* [THE TASK]: Search the entries below for the string "Blue" and copy the lines that hold it.

* [AVAILABLE DATA]:
..........

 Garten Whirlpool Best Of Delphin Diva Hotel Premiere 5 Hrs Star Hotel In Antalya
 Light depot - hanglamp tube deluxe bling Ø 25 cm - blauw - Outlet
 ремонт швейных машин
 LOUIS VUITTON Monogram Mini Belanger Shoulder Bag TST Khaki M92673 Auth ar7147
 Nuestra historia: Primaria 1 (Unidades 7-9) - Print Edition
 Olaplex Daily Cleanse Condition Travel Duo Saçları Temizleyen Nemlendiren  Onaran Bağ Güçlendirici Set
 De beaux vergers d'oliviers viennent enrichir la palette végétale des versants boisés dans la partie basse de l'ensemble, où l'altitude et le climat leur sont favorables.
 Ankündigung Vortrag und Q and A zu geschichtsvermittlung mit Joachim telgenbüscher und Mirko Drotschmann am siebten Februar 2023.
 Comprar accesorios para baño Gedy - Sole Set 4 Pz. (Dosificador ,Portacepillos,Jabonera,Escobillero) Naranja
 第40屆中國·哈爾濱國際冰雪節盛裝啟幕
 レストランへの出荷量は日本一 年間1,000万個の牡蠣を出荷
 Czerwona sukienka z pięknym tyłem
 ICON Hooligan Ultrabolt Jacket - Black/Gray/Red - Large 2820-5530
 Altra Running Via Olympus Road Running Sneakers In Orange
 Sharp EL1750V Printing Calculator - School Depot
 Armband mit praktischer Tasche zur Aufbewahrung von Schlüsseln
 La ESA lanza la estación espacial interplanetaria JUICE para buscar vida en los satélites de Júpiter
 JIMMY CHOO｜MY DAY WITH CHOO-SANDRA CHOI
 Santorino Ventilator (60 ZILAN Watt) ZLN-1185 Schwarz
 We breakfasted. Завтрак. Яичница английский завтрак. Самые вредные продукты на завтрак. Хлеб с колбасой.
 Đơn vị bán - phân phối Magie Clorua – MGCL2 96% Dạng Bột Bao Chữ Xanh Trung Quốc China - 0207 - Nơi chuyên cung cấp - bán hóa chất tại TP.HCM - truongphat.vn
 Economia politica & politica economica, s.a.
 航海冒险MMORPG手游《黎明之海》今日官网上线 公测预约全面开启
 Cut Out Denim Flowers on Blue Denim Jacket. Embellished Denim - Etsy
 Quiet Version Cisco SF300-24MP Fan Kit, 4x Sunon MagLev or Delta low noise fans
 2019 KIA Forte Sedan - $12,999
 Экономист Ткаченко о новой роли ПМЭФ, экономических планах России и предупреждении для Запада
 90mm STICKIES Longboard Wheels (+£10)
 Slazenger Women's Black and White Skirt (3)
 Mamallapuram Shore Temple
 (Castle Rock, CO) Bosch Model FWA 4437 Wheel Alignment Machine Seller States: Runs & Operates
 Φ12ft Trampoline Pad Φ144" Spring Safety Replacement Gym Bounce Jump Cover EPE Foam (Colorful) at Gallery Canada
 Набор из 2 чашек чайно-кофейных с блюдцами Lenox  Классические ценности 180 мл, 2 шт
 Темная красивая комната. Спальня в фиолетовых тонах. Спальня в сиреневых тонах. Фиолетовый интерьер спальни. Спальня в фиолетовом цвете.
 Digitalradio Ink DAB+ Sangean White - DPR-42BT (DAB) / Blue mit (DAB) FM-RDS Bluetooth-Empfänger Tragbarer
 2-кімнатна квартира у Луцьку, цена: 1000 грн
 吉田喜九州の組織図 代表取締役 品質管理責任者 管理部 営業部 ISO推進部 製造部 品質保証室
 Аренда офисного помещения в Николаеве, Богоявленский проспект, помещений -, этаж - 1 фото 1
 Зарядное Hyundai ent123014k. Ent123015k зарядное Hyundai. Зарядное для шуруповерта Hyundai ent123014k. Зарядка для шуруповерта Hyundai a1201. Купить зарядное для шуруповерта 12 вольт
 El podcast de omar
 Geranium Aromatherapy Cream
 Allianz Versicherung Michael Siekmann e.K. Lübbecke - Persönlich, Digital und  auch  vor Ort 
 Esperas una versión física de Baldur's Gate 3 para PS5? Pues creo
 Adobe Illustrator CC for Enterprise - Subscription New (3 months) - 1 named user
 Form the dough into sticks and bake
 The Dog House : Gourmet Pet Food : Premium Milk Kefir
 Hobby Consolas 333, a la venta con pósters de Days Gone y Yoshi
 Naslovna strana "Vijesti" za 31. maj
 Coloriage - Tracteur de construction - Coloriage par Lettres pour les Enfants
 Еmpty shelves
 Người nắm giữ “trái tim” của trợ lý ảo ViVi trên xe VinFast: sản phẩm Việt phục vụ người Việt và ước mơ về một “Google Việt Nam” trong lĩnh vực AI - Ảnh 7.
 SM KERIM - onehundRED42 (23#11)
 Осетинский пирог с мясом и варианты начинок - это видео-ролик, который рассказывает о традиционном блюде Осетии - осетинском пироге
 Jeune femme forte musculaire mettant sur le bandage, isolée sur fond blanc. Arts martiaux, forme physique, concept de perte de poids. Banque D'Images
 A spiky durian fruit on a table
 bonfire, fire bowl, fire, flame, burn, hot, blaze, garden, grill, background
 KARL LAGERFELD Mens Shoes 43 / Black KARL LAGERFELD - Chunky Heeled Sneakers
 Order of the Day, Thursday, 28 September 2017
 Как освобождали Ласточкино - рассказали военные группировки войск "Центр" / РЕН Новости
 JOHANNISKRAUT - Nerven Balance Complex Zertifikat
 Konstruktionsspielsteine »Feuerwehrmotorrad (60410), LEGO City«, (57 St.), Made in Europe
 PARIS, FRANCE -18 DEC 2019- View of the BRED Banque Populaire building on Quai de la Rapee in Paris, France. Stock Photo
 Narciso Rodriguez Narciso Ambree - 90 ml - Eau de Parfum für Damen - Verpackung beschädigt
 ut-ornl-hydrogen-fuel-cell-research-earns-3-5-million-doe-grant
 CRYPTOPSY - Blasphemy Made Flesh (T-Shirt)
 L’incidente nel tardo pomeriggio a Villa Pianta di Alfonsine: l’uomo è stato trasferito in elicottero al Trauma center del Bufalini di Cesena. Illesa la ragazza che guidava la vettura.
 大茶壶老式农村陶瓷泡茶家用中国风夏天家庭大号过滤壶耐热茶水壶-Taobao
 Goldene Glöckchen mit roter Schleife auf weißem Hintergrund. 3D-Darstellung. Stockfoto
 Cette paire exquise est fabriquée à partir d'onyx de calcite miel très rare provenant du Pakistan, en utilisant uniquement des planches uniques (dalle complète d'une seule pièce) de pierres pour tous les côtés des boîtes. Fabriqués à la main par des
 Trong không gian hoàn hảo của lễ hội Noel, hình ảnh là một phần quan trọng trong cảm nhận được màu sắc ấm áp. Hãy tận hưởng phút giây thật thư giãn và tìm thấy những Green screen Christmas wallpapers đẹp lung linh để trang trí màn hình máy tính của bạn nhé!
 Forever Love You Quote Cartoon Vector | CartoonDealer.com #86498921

..........

* [WRITTEN ANSWER]:
 Cut Out Denim Flowers on Blue Denim Jacket. Embellished Denim - Etsy
 Digitalradio Ink DAB+ Sangean White - DPR-42BT (DAB) / Blue mit (DAB) FM-RDS Bluetooth-Empfänger Tragbarer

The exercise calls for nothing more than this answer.